■ **MATERIAL PROVIDED**:
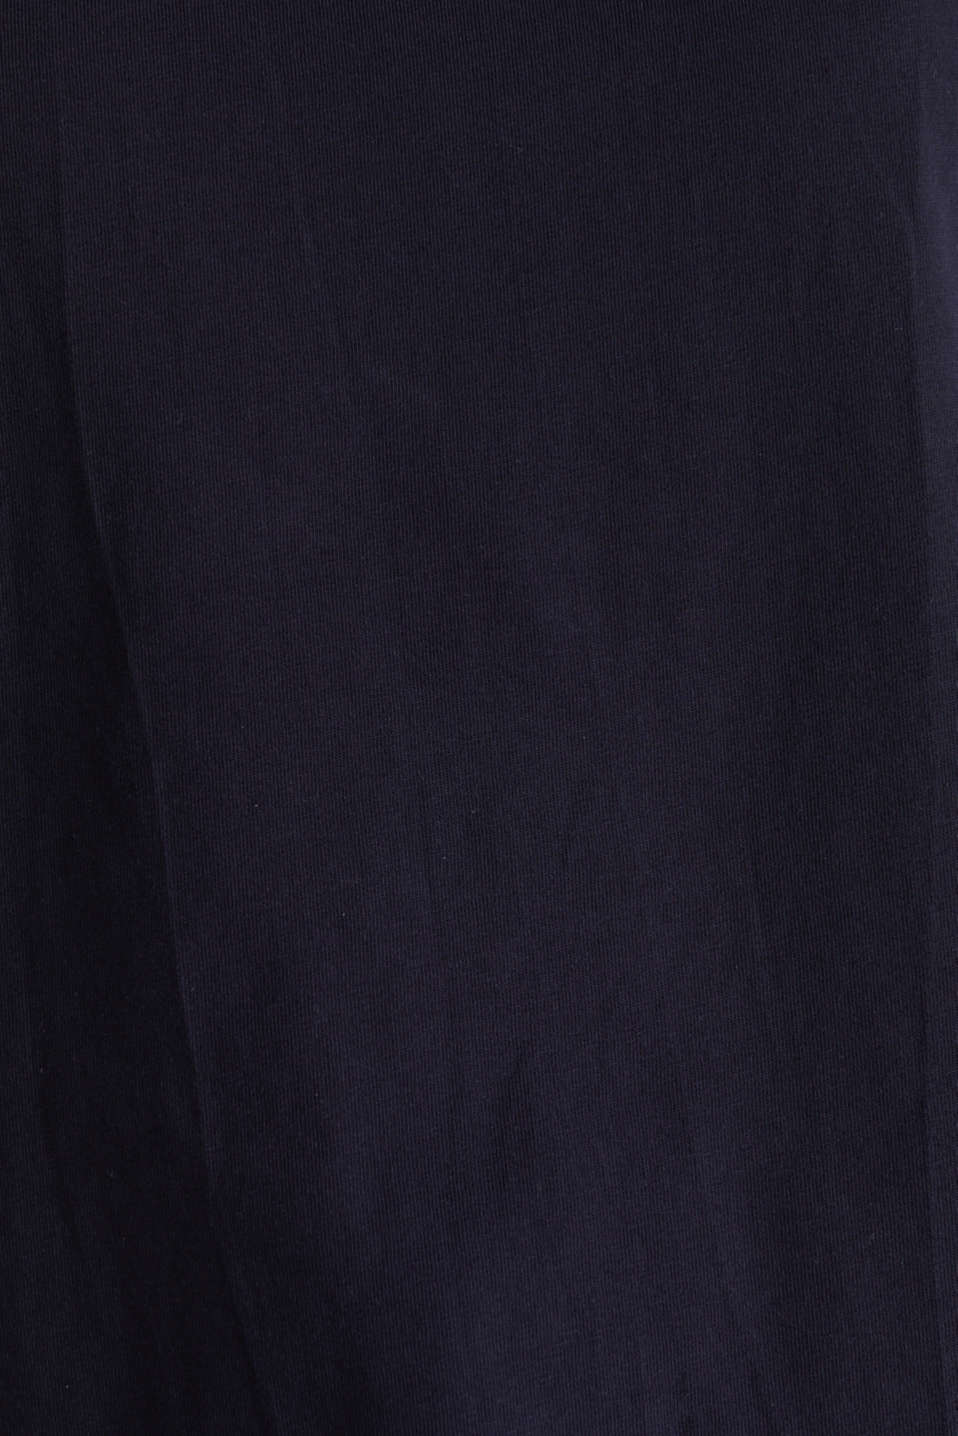 Loose-cut top, NAVY, detail image number 4
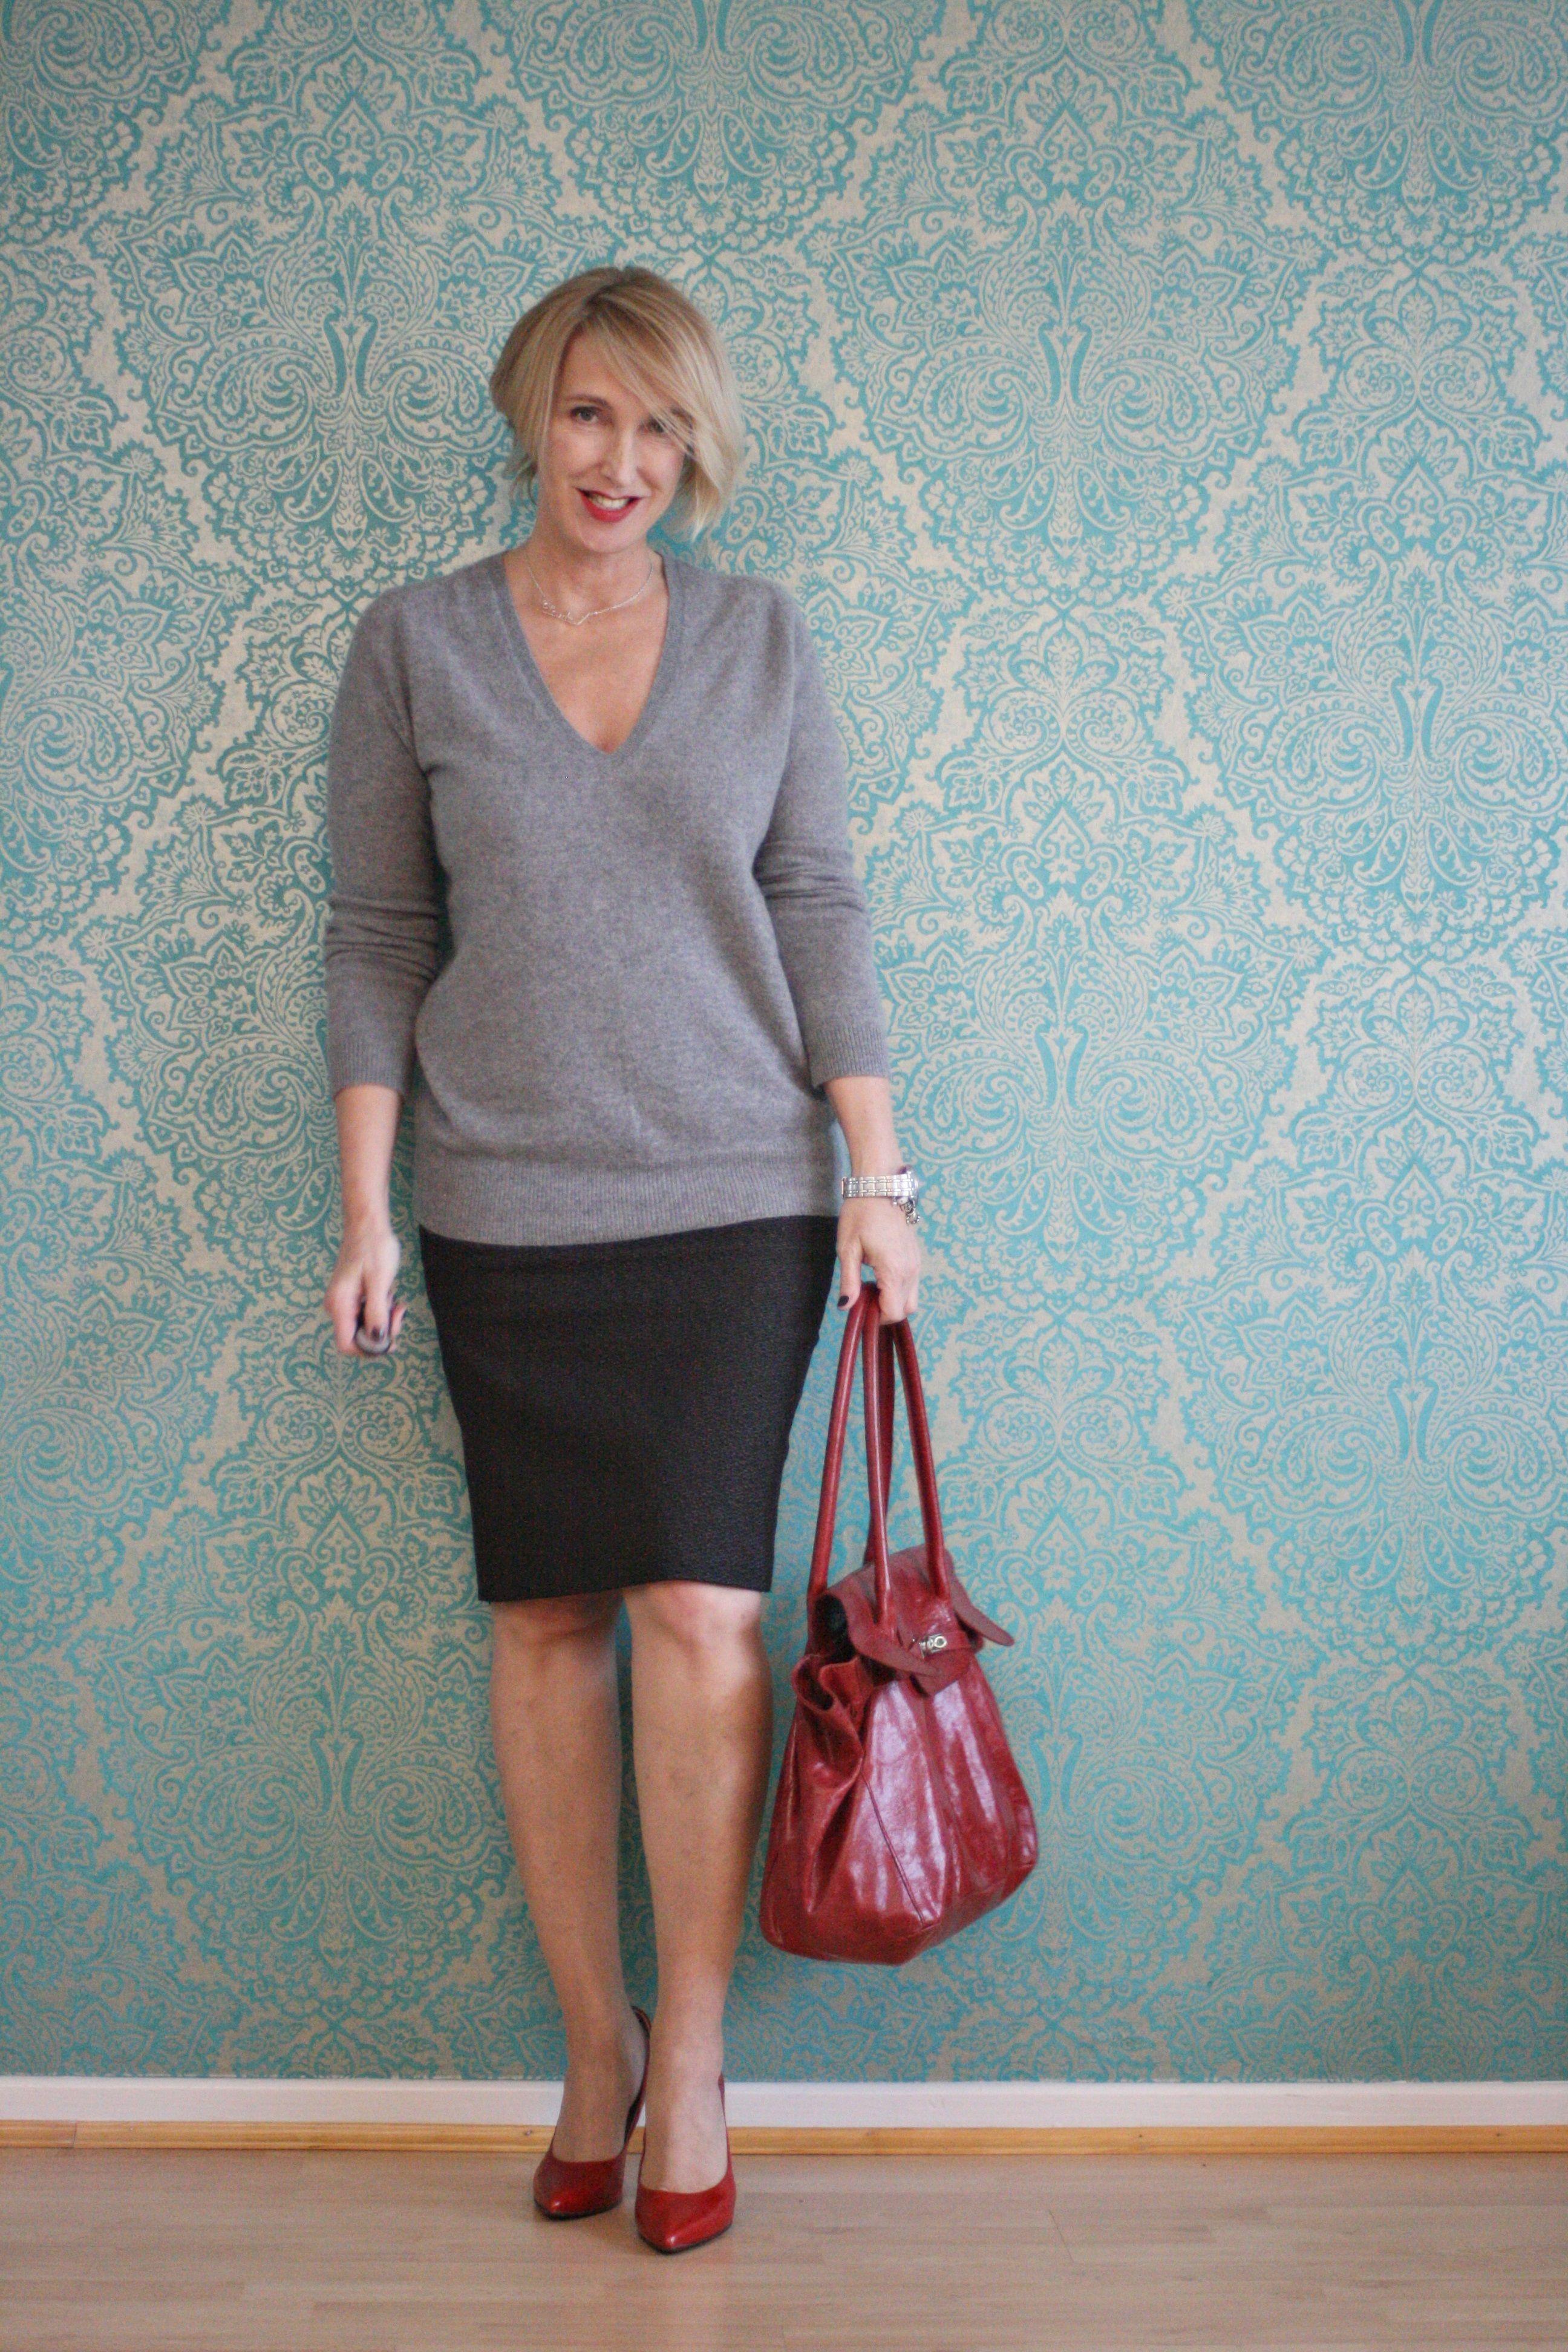 Fashion shoes for mature women
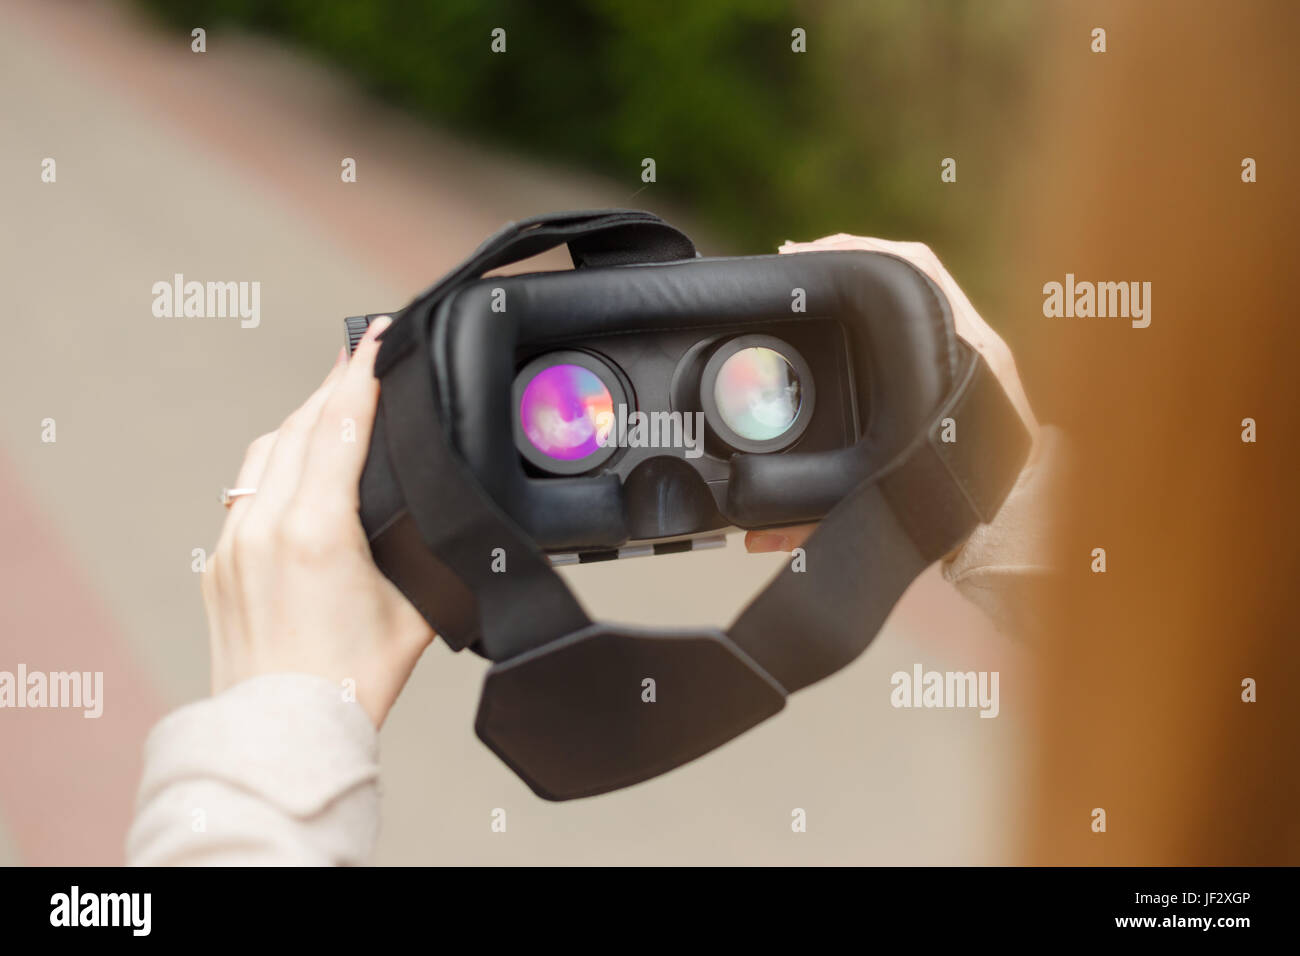 La technologie moderne en casque vr femme mains. Banque D'Images

■ **EXERCISE**: What you give back must be the data above, reproduced exactly and free of pictures.

■ **REPLY**:
 Loose-cut top, NAVY, detail image number 4
 Fashion shoes for mature women
 La technologie moderne en casque vr femme mains. Banque D'Images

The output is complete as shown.